Pictures are to be dropped from the copy. Retype the listing exactly.

Input data ▸
################

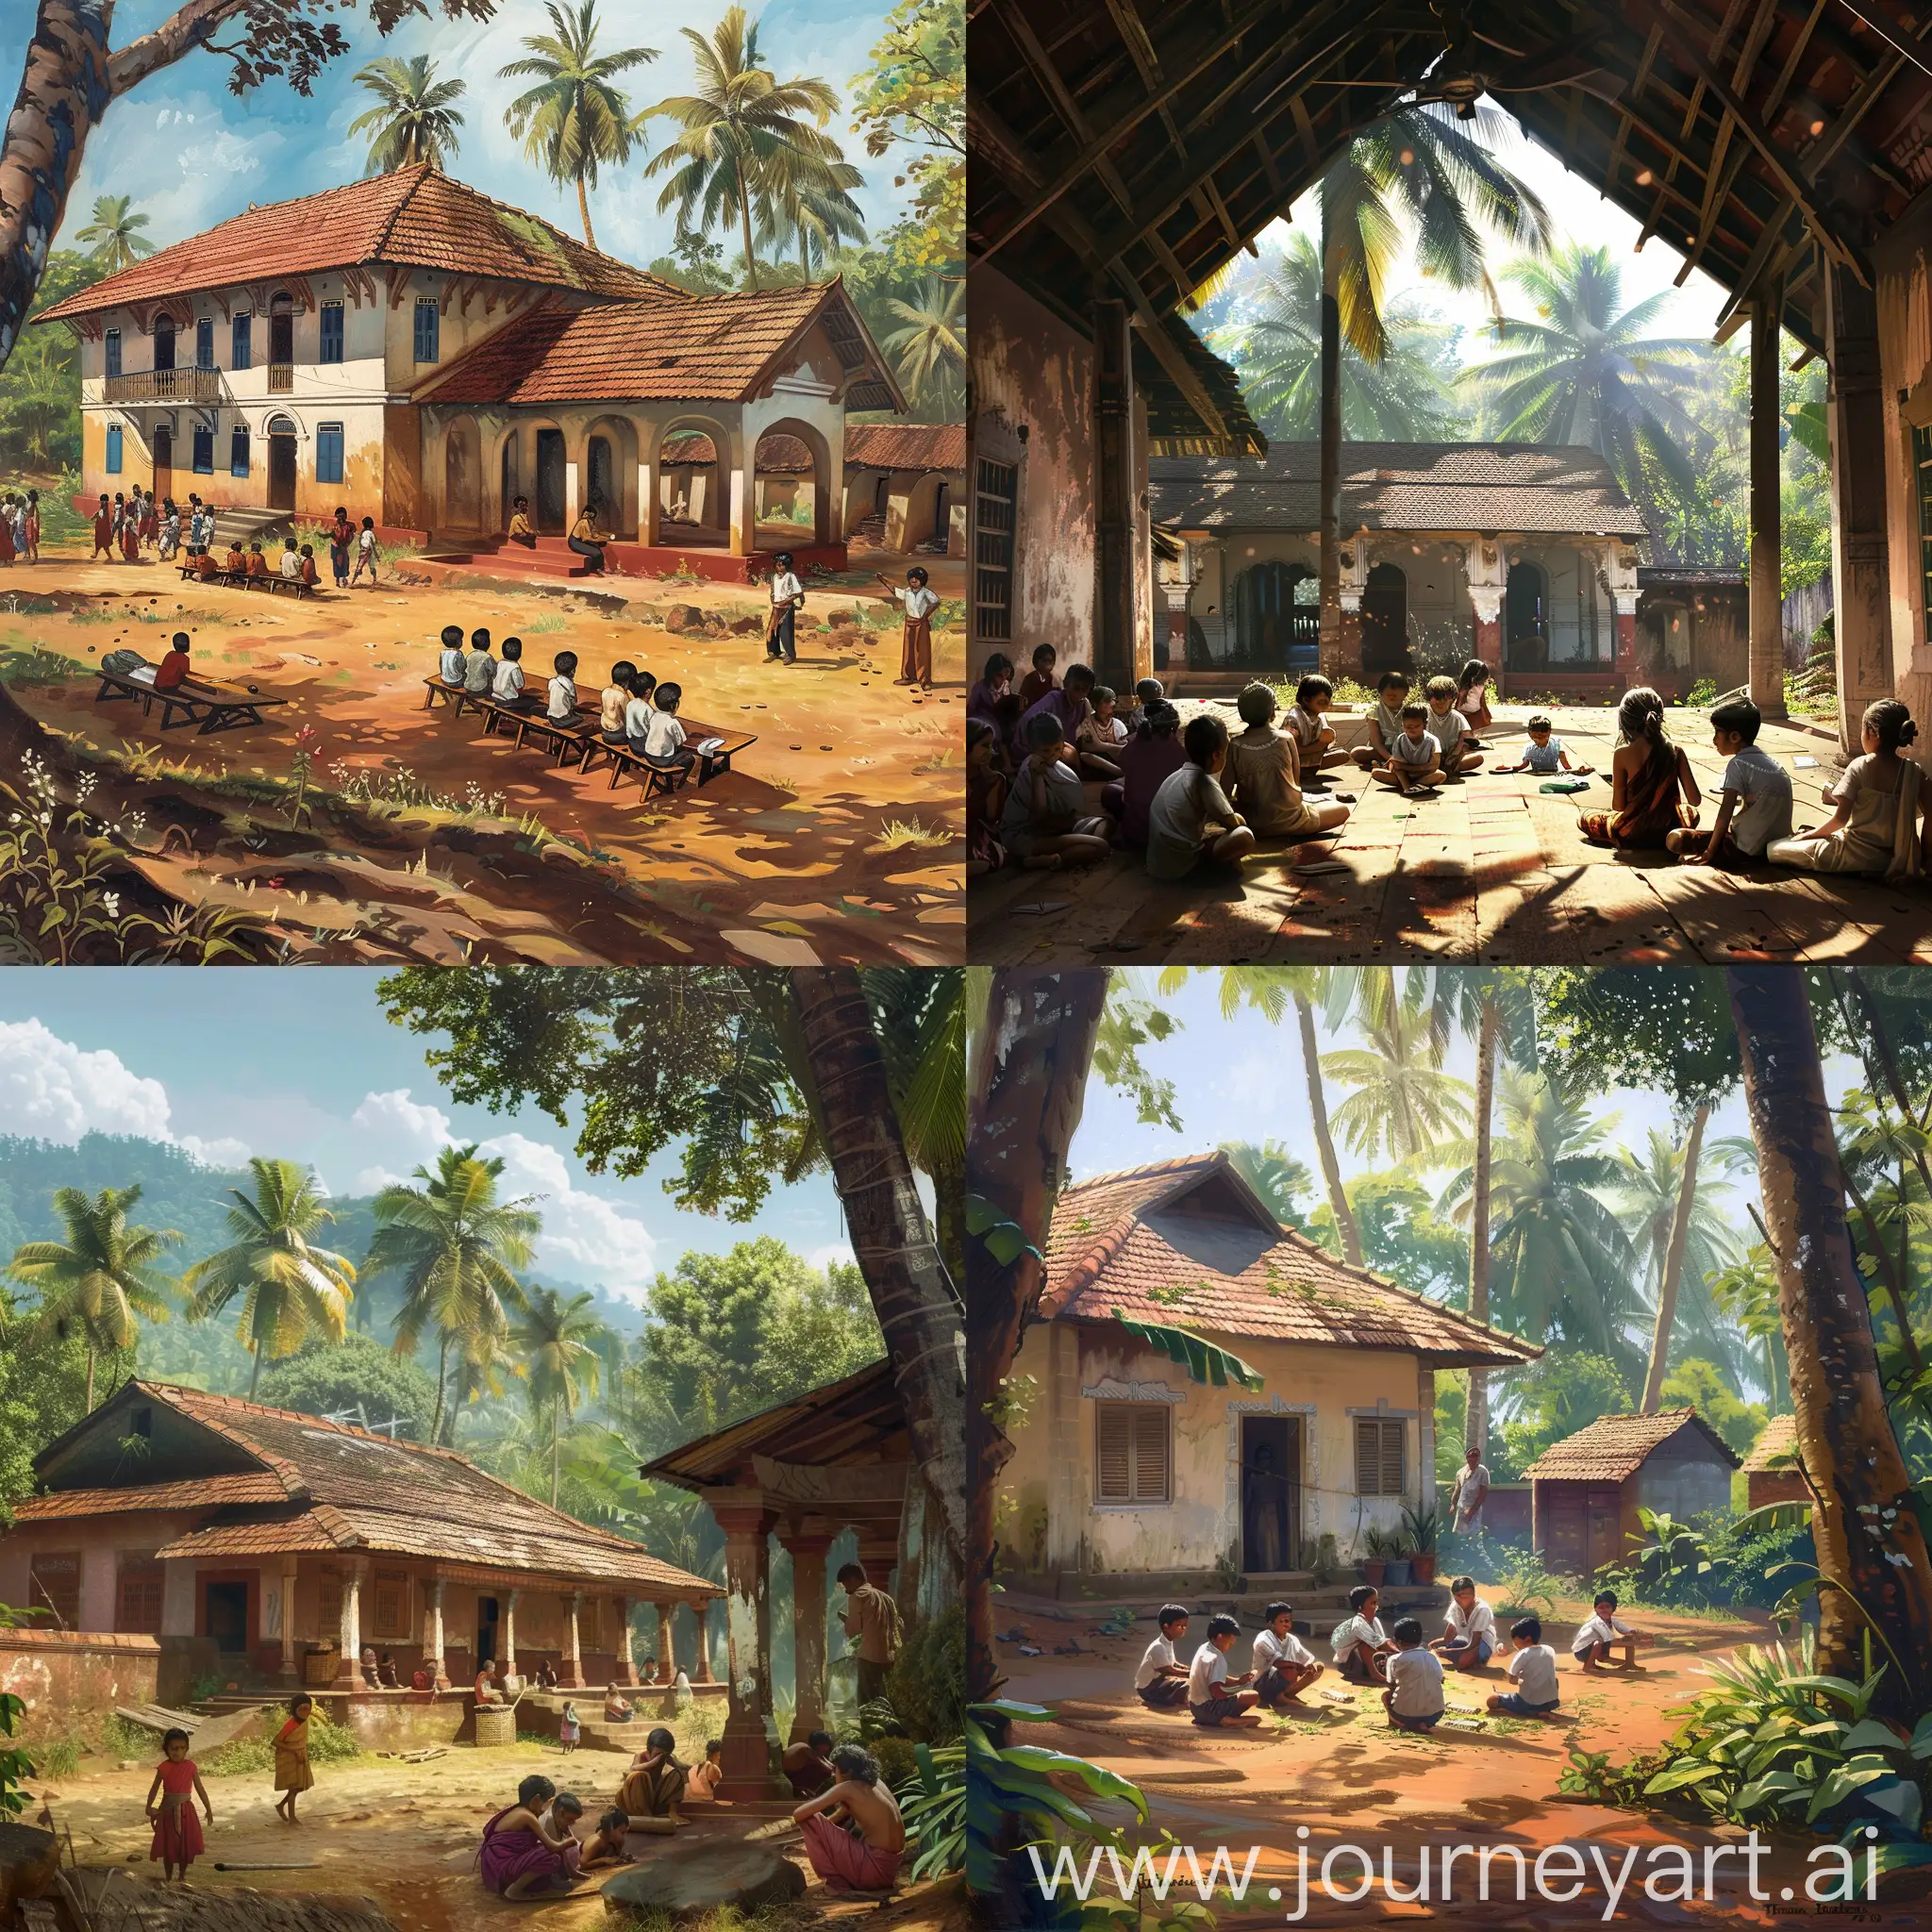 Traditional-Kerala-School-with-Children-Learning-Malayalam
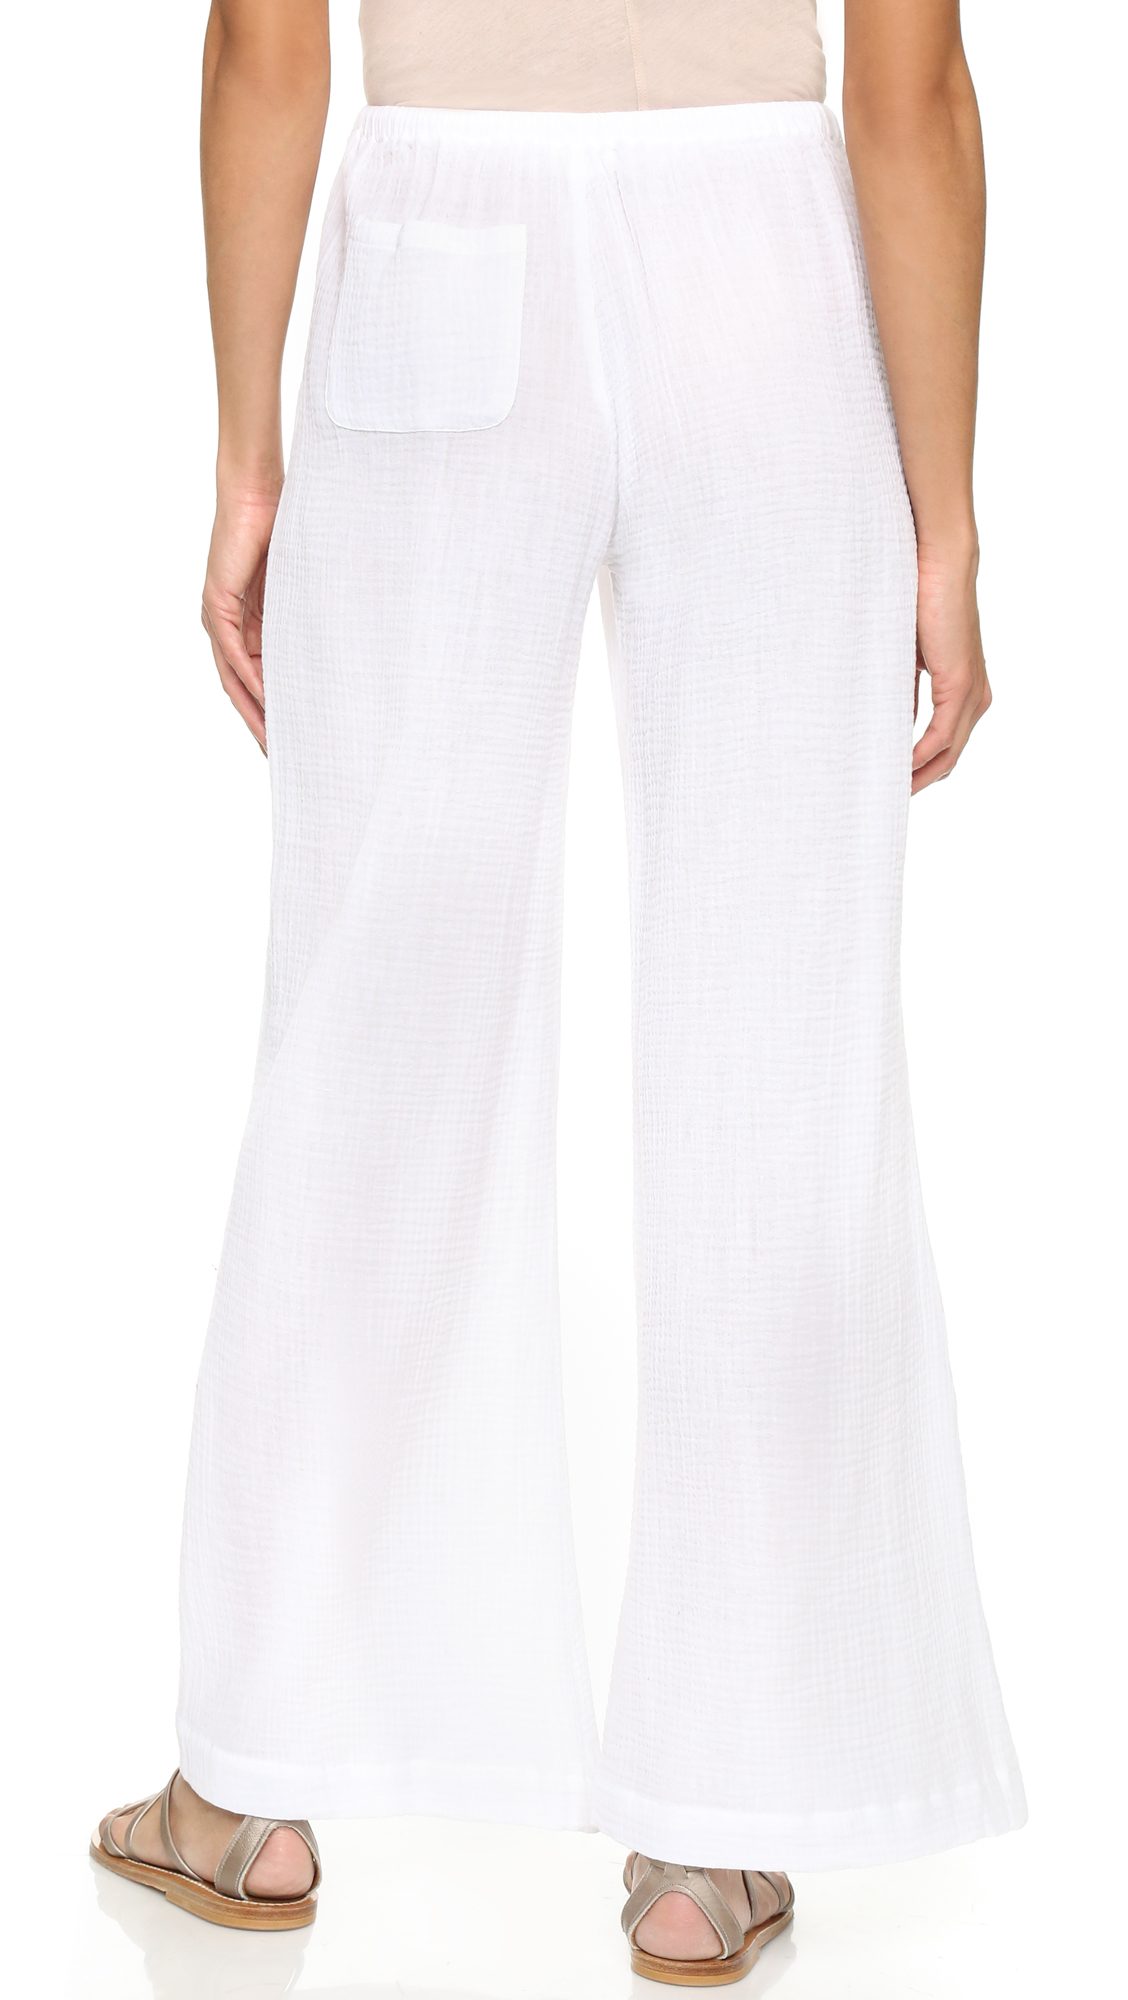 Skin Cotton Palazzo Pants in White - Lyst
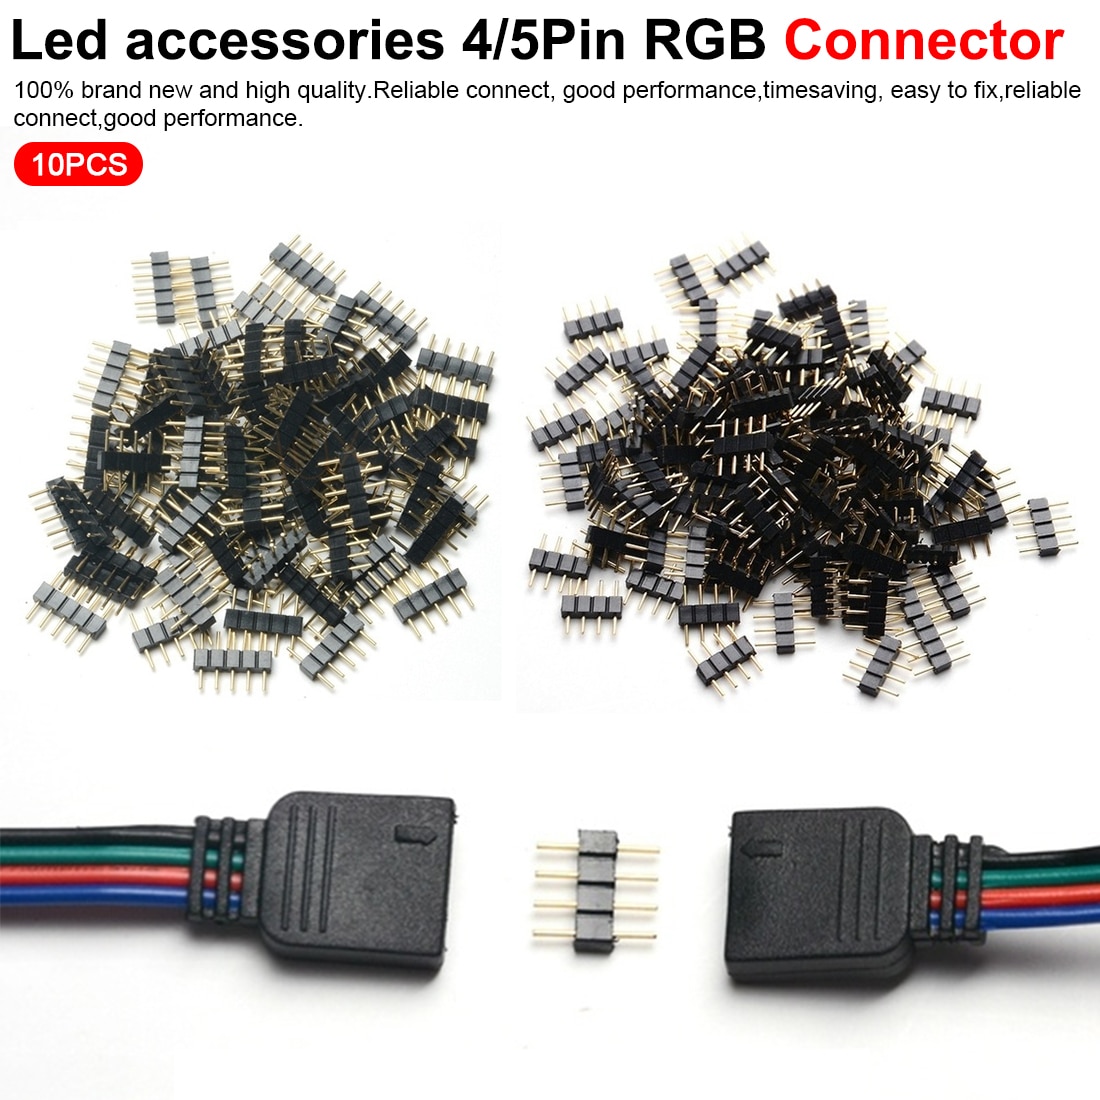 Mooie Led Accessoires 4 Pin/5Pin Rgb Connector Adapter Pin Naald Mannelijke Type Voor Rgb/Rgbw 5050 3528 led Strip Licht

################

Reply ▸
 Traditional-Kerala-School-with-Children-Learning-Malayalam
 Skin Cotton Palazzo Pants in White - Lyst
 Mooie Led Accessoires 4 Pin/5Pin Rgb Connector Adapter Pin Naald Mannelijke Type Voor Rgb/Rgbw 5050 3528 led Strip Licht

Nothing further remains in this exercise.